[ACTION ITEM] Retype the listing exactly, minus its pictures.

[COLLECTED DATA]
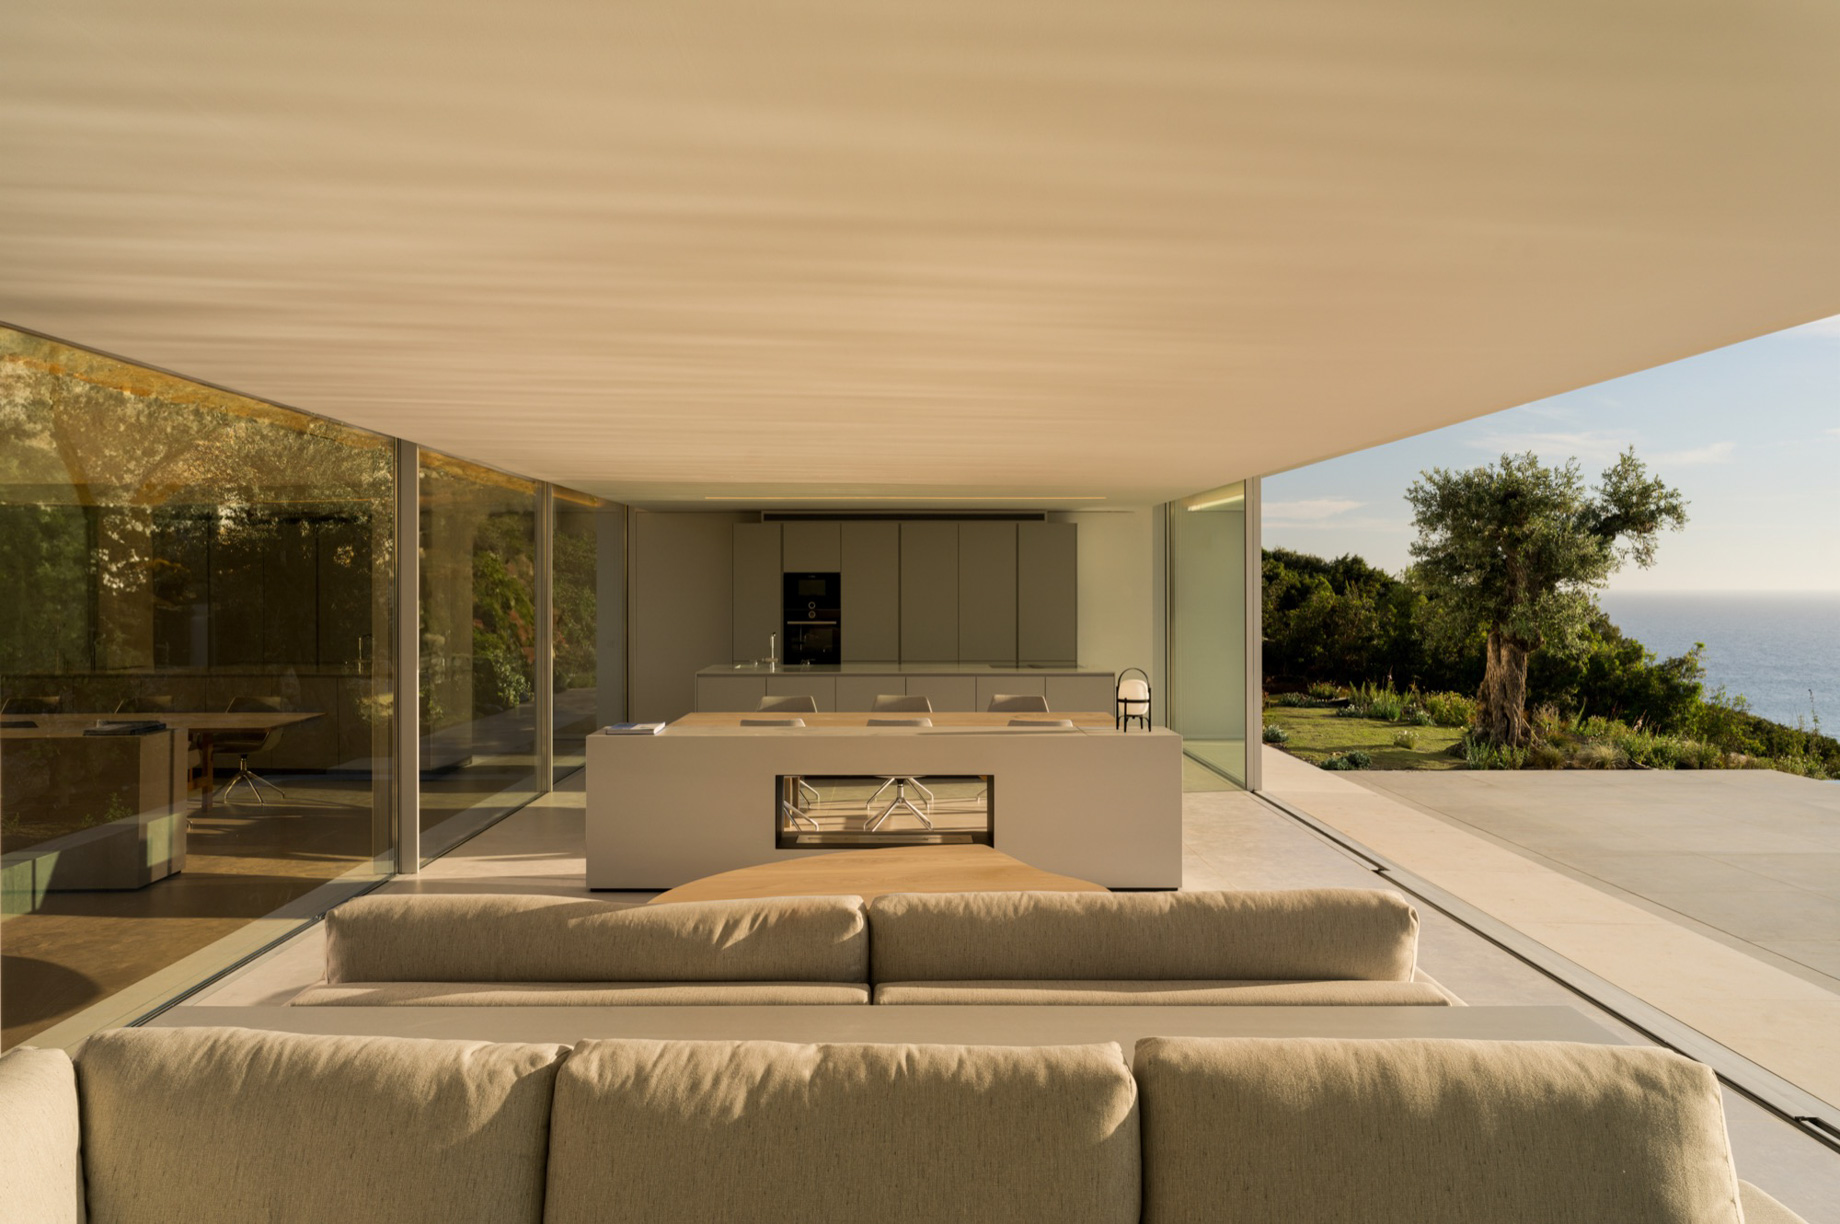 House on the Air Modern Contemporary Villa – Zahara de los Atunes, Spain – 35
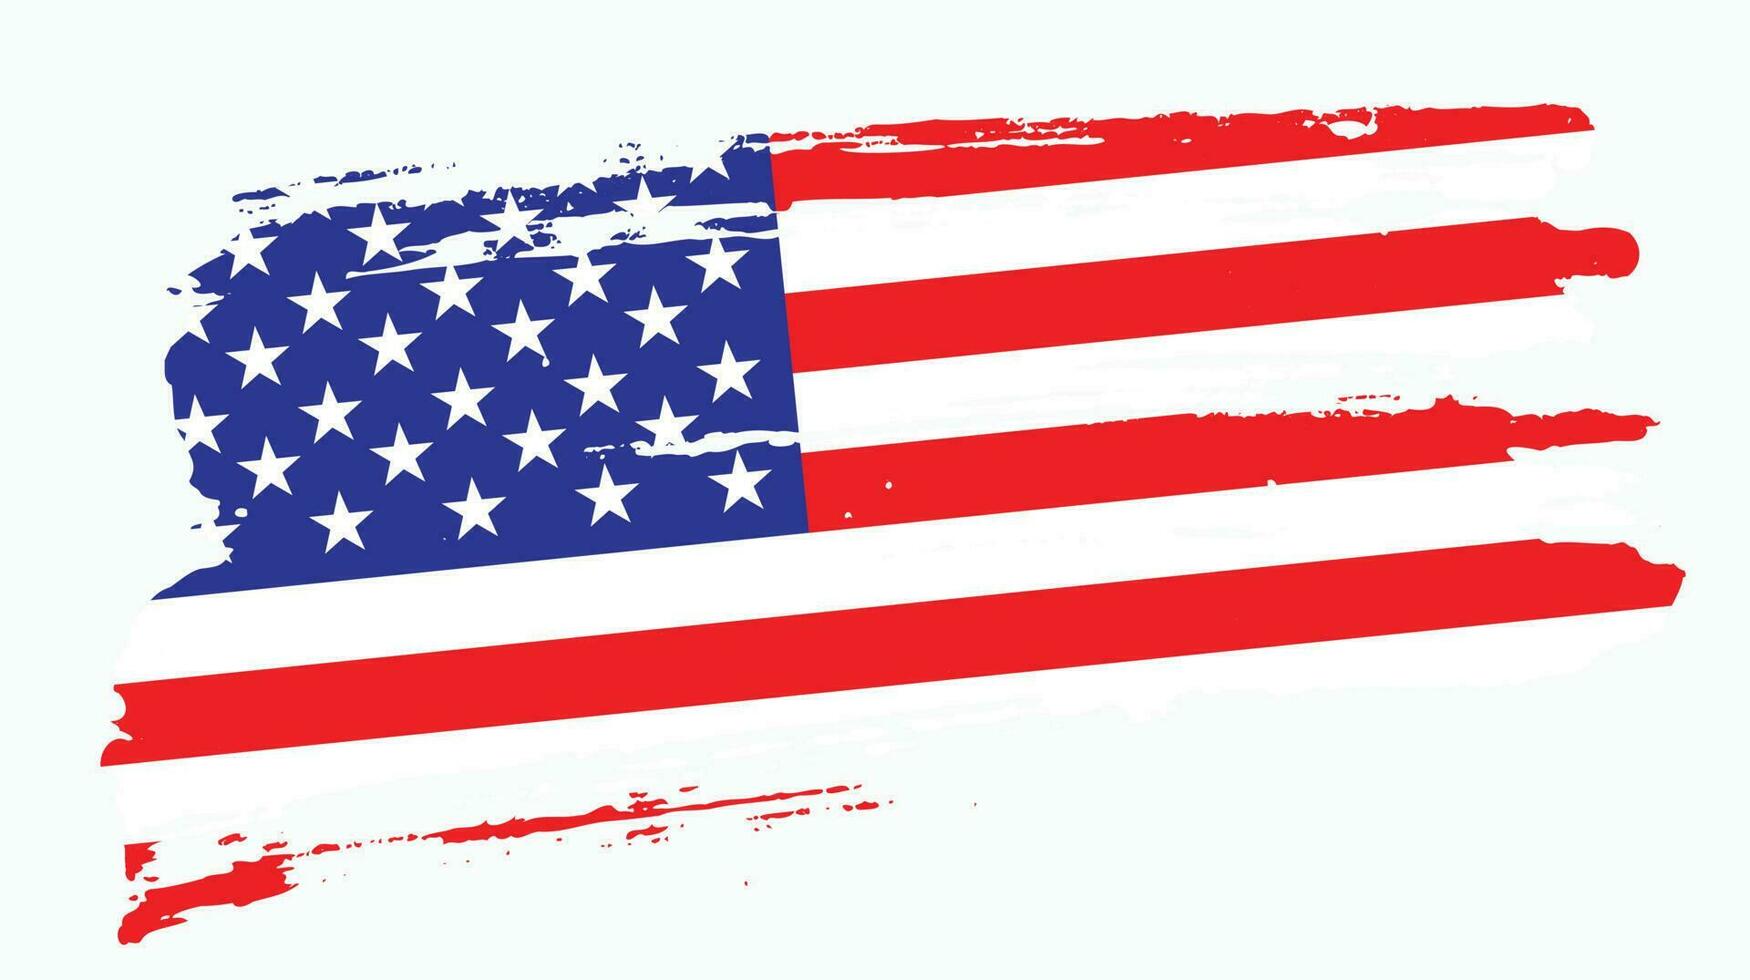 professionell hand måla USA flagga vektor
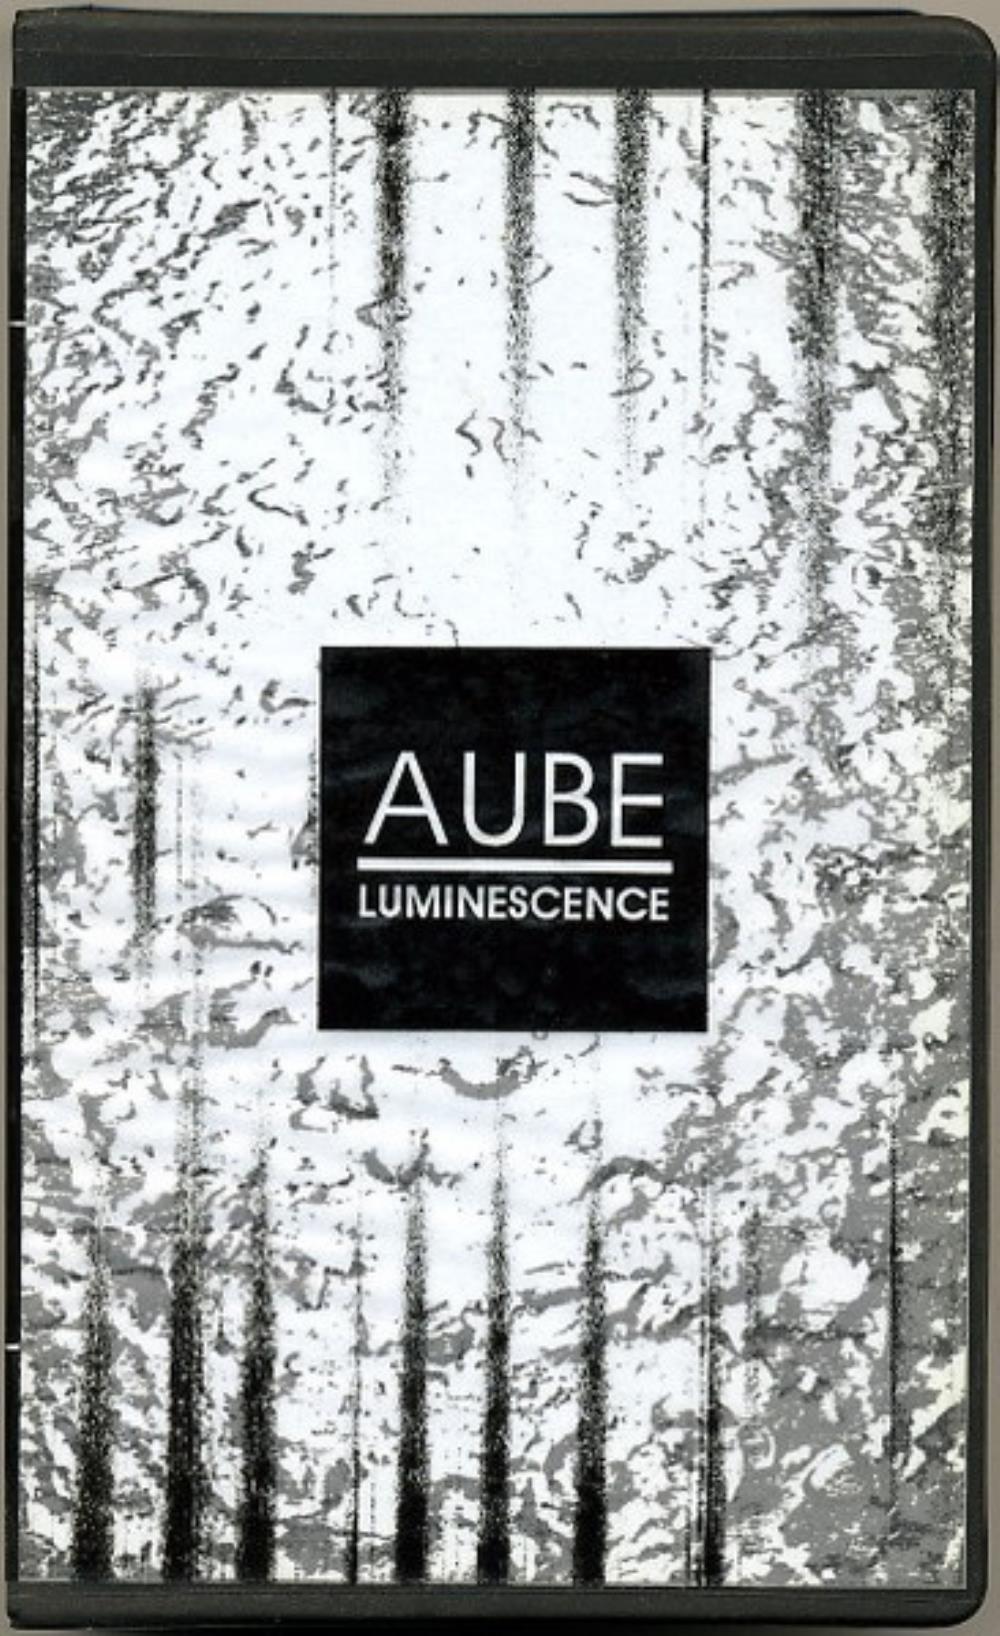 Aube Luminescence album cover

[SOLUTION TO THE PROBLEM]
 House on the Air Modern Contemporary Villa – Zahara de los Atunes, Spain – 35
 professionell hand måla USA flagga vektor
 Aube Luminescence album cover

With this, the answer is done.